> _THE TASK_
Leave the pictures out, and repeat exactly every line from the one with "b01028195af624 Ipanema Maya" through the end of the data below.

> _GIVEN INFORMATION_

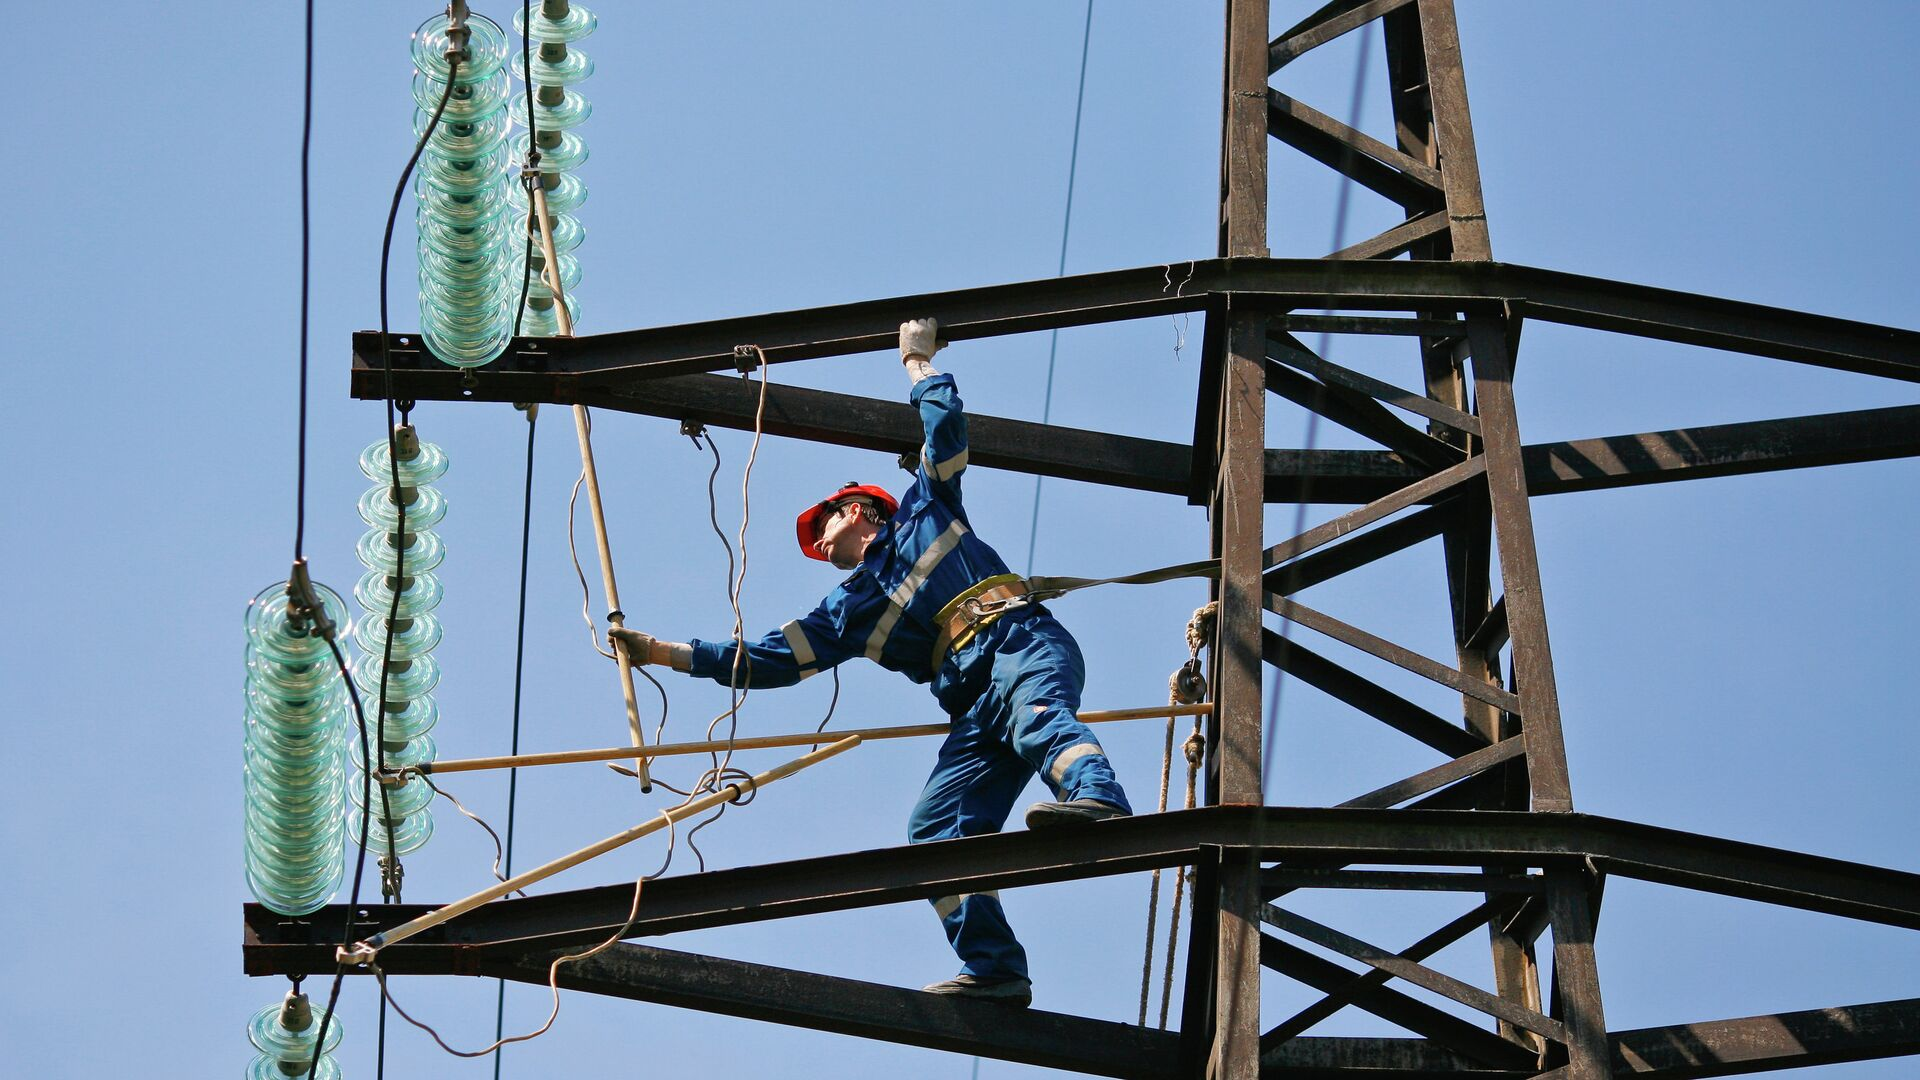 Монтажник проводит ремонт на линии электропередачи - РИА Новости, 1920, 18.09.2020
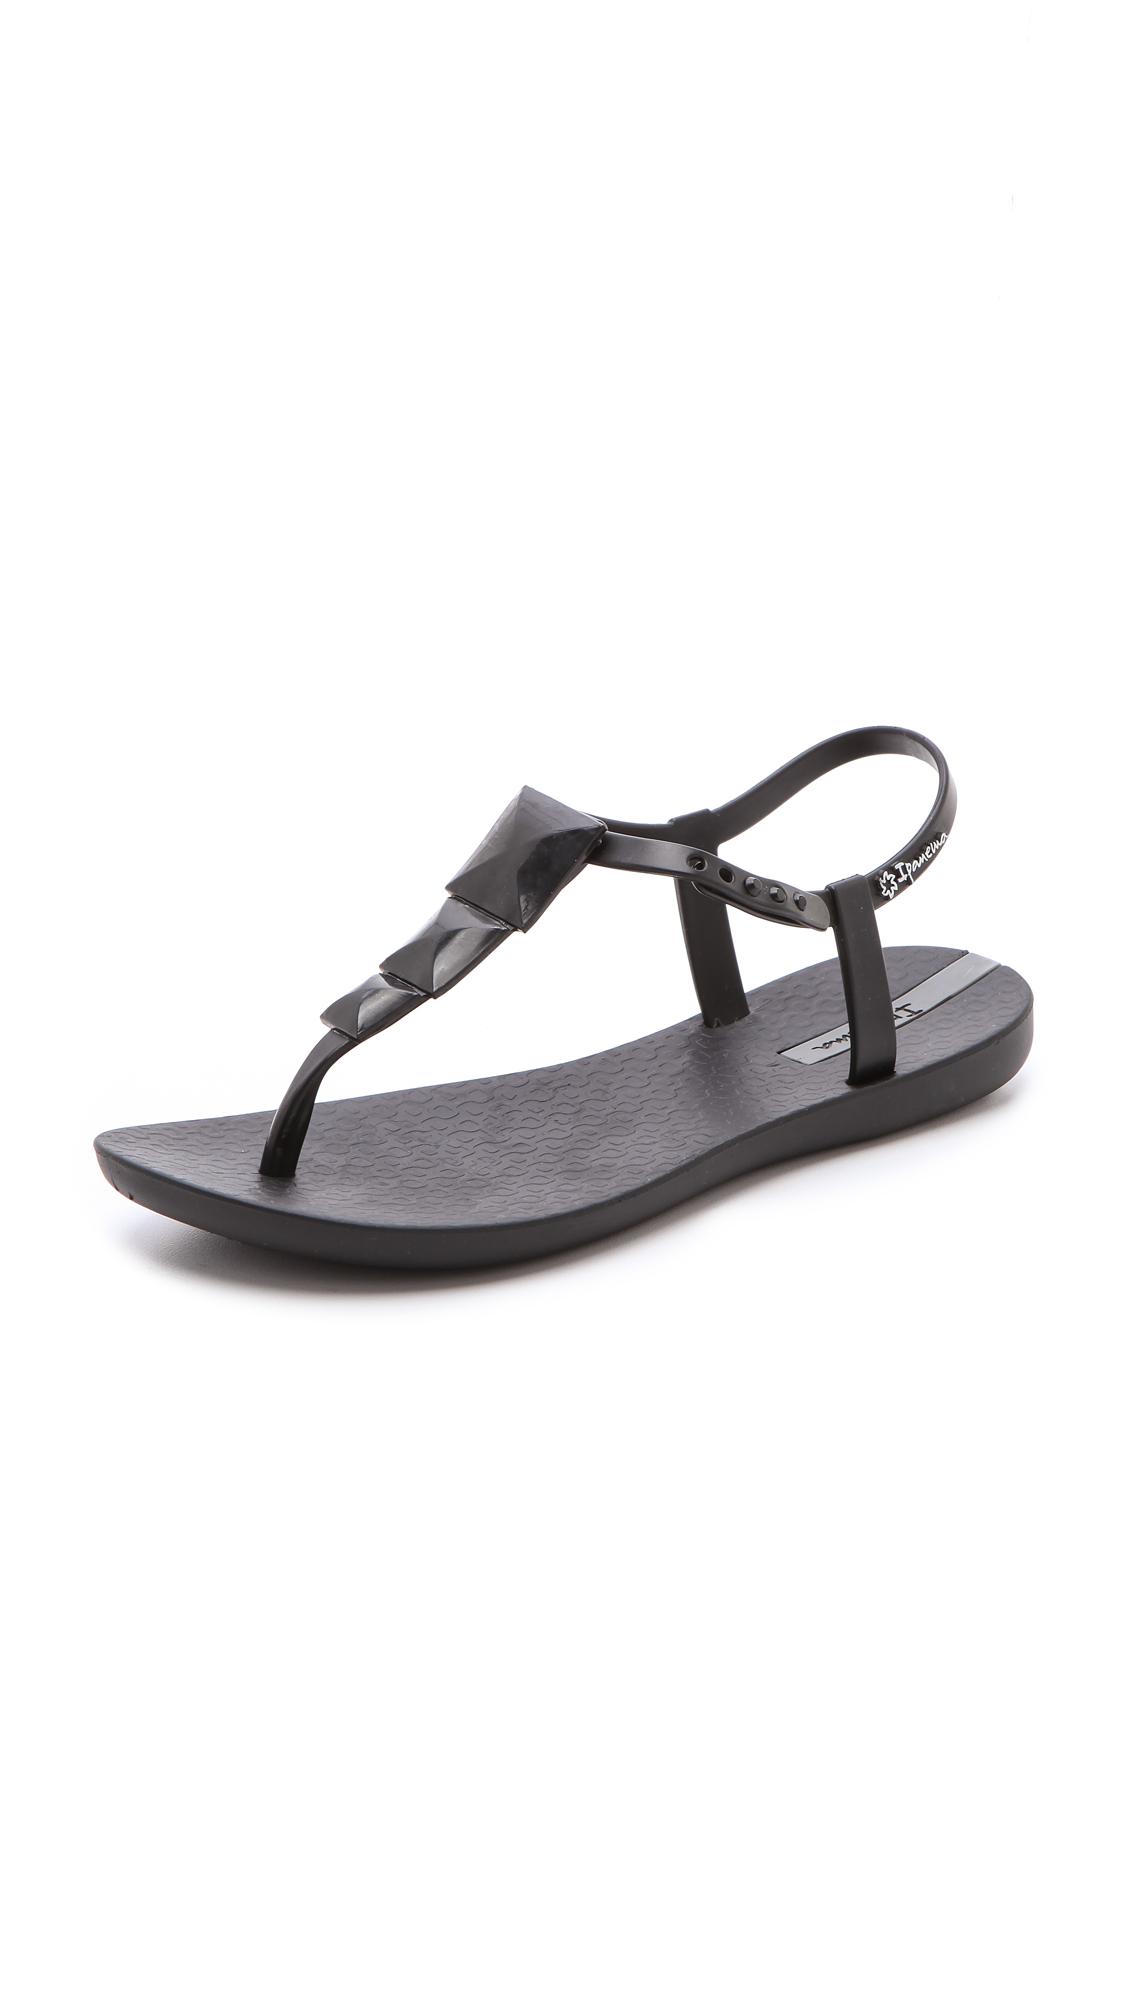 b01028195af624 Ipanema Maya Studded Rubber Sandals
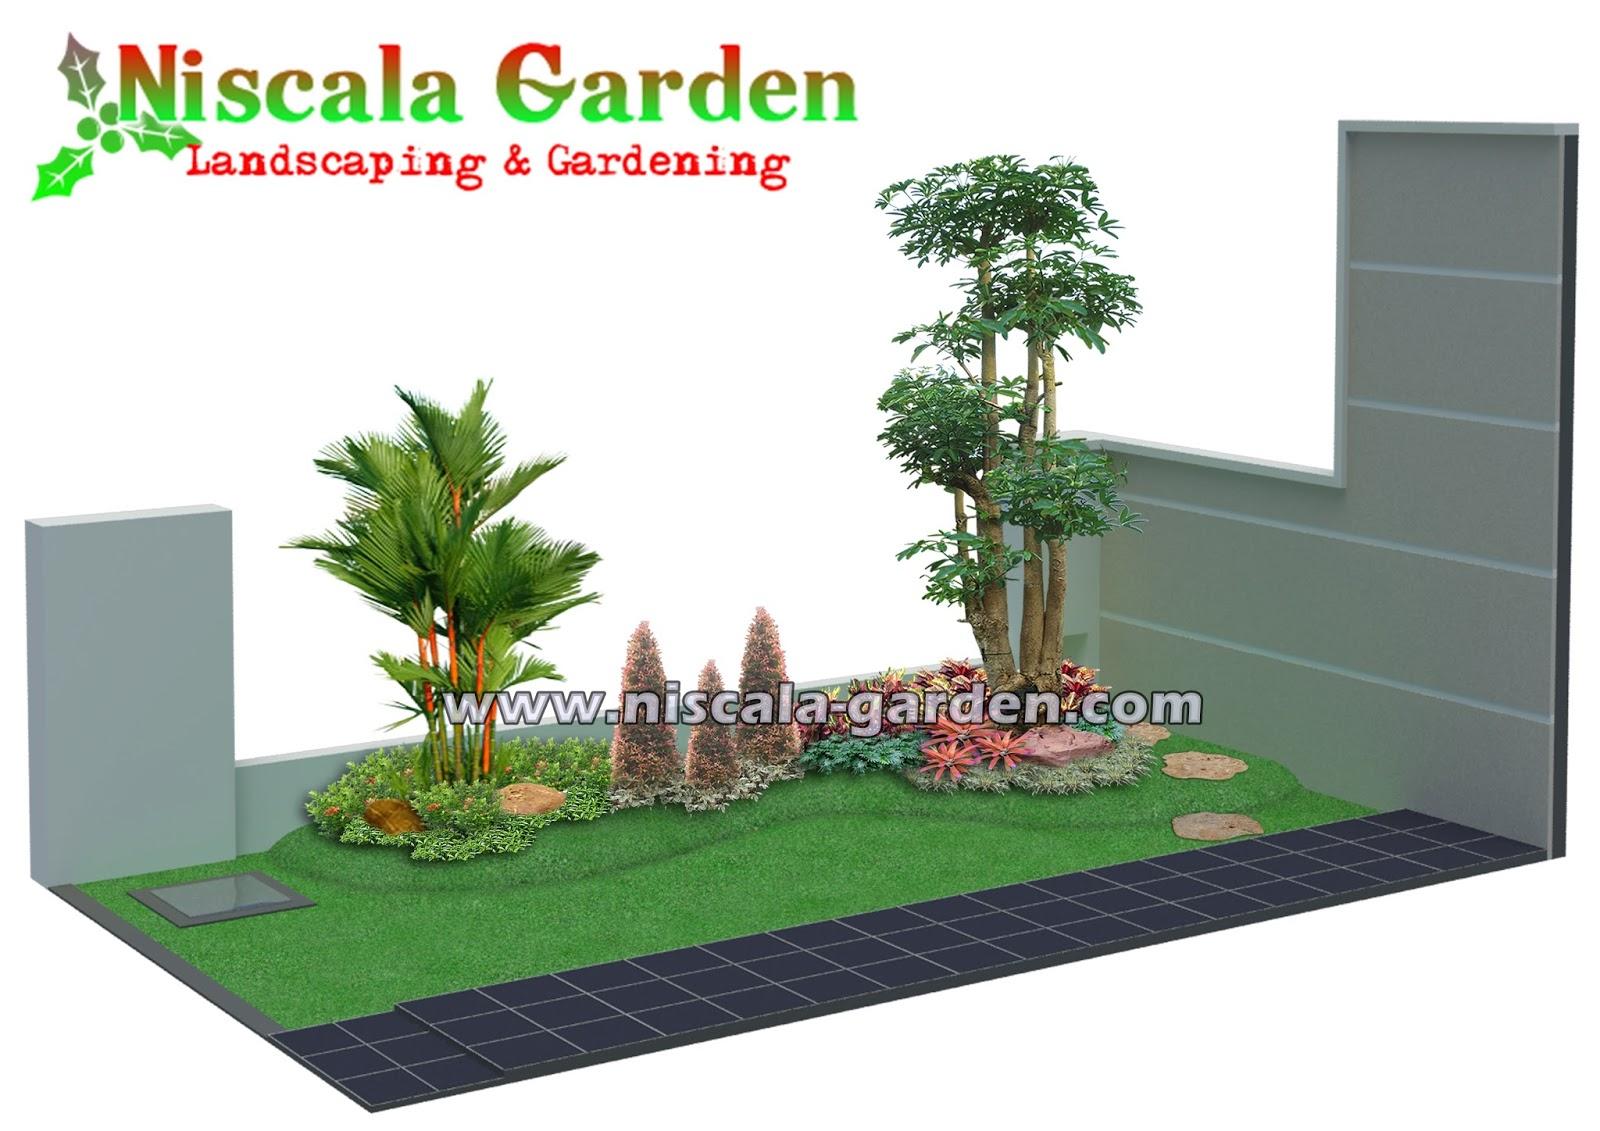 45 Desain Taman Tropis Modern NISCALA GARDEN Tukang Taman Surabaya

> _COMPLETED EXERCISE_
 b01028195af624 Ipanema Maya Studded Rubber Sandals
 45 Desain Taman Tropis Modern NISCALA GARDEN Tukang Taman Surabaya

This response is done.